* EXERCISE DESCRIPTION *
Your answer must be an exact copy of the data, without any pictures.

* GIVEN INFORMATION *
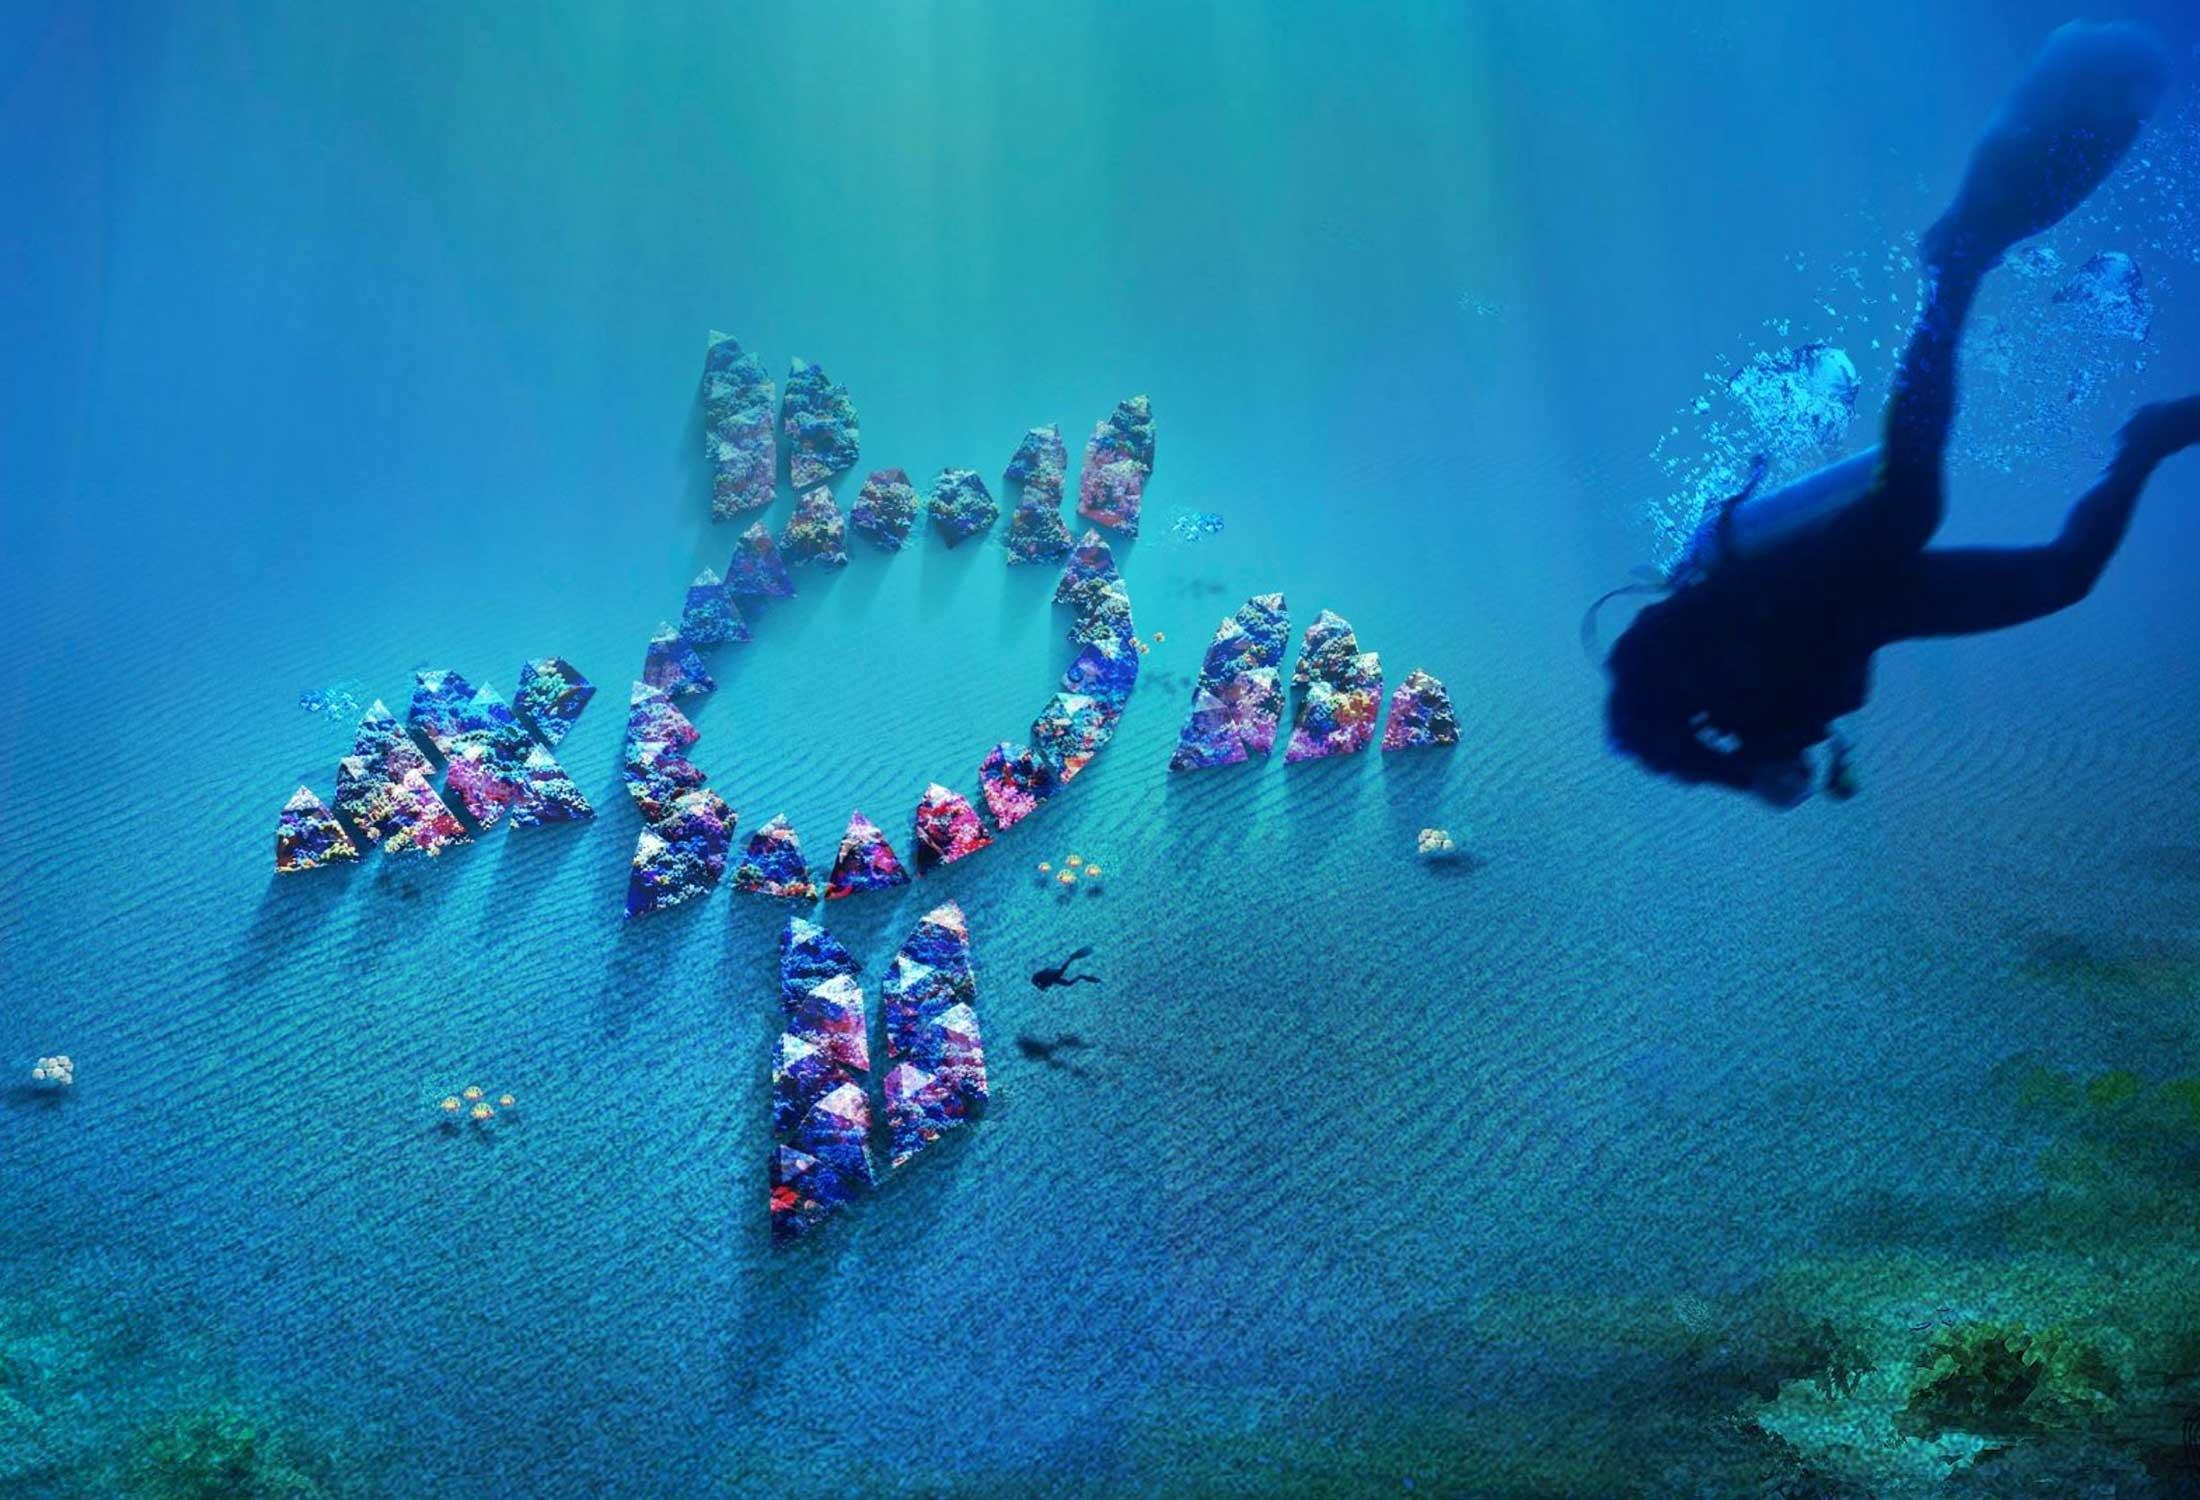 La tortuga, Proyecto Art Reef en Naples Florida Vito Di Bari
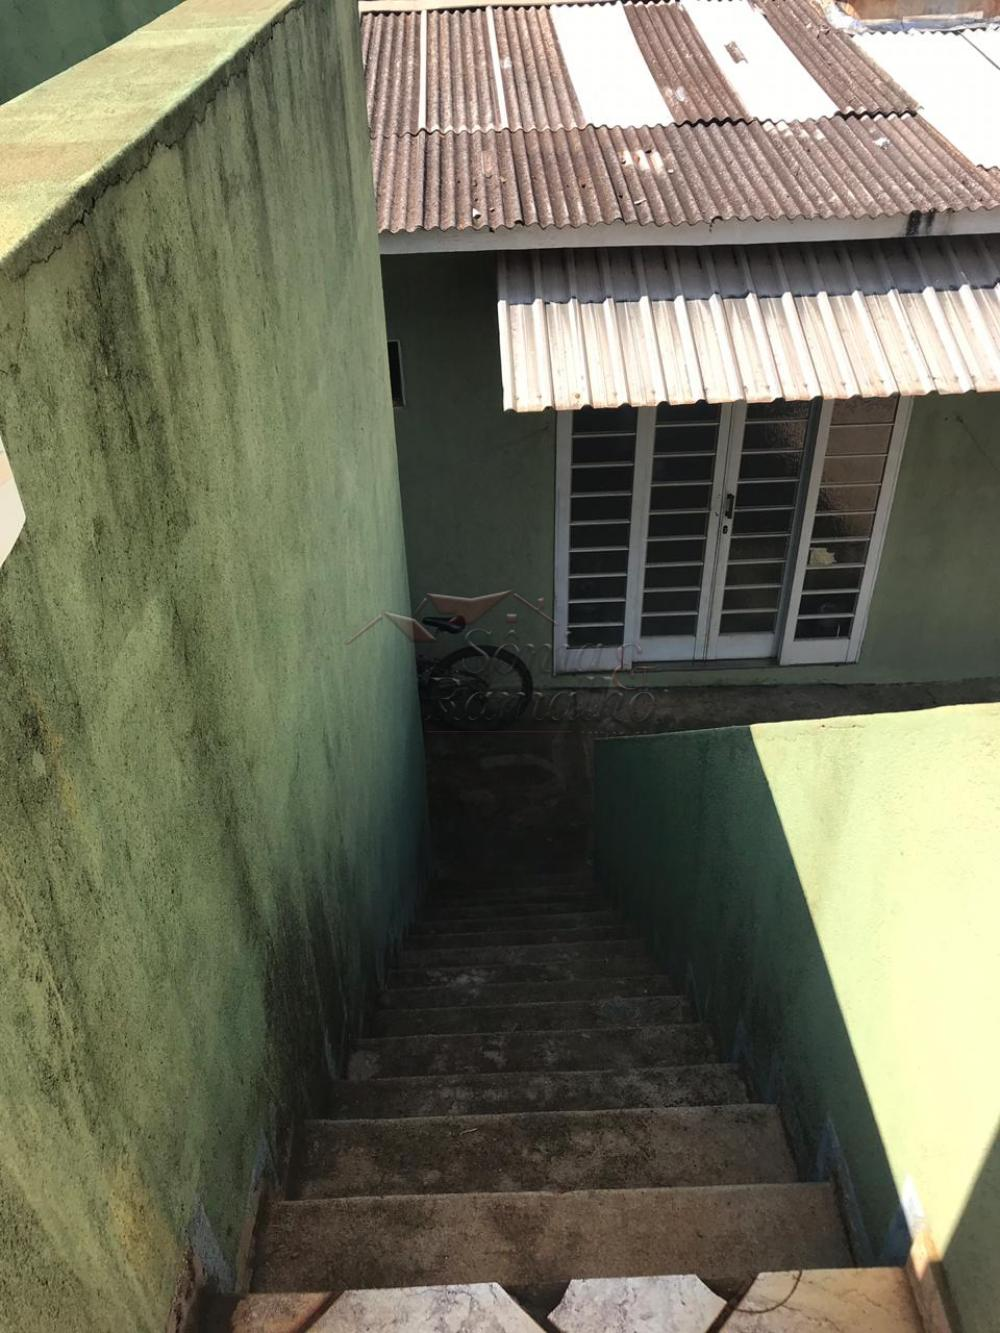 Comprar Casas / Padrão em Ribeirão Preto apenas R$ 340.000,00 - Foto 17
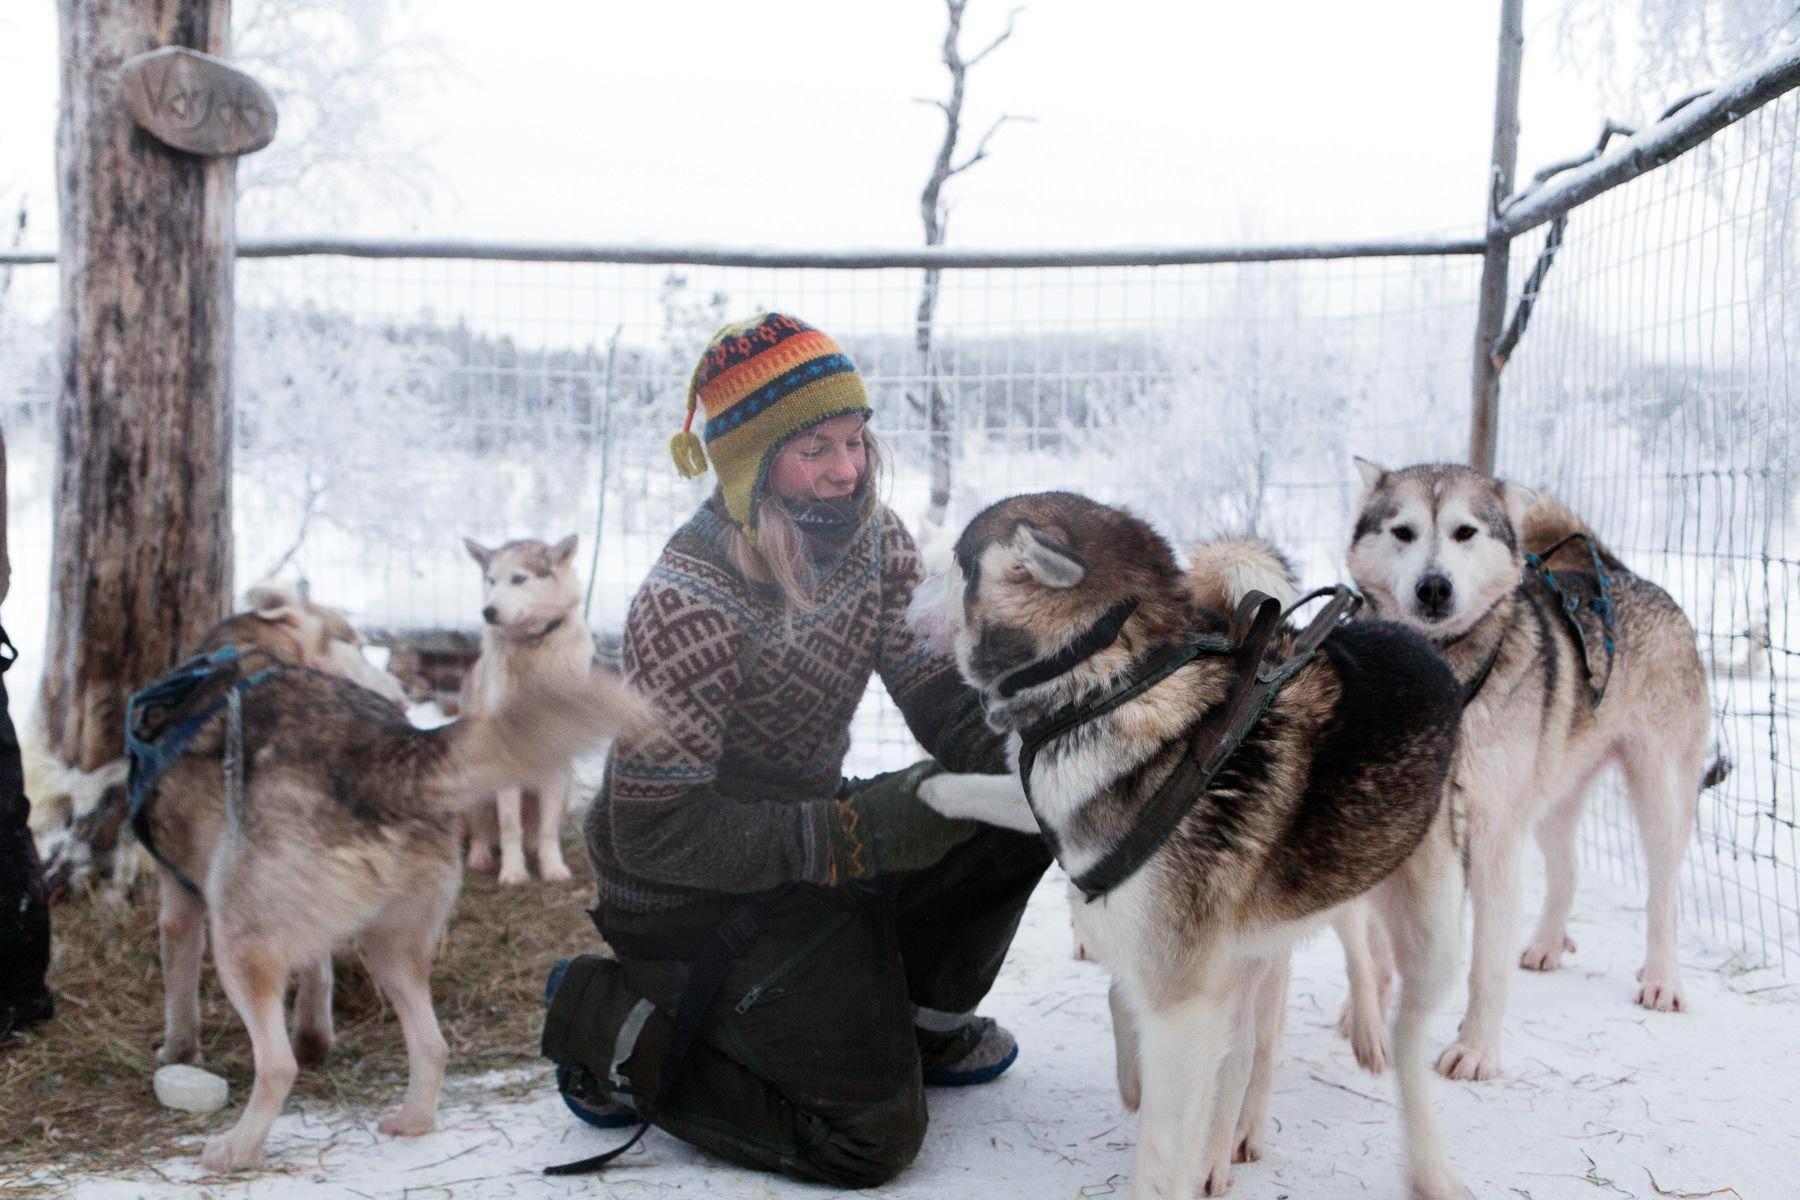 brice portolano arctic love lensculture

* ANSWER BOX *
 La tortuga, Proyecto Art Reef en Naples Florida Vito Di Bari
 Comprar Casas / Padrão em Ribeirão Preto apenas R$ 340.000,00 - Foto 17
 brice portolano arctic love lensculture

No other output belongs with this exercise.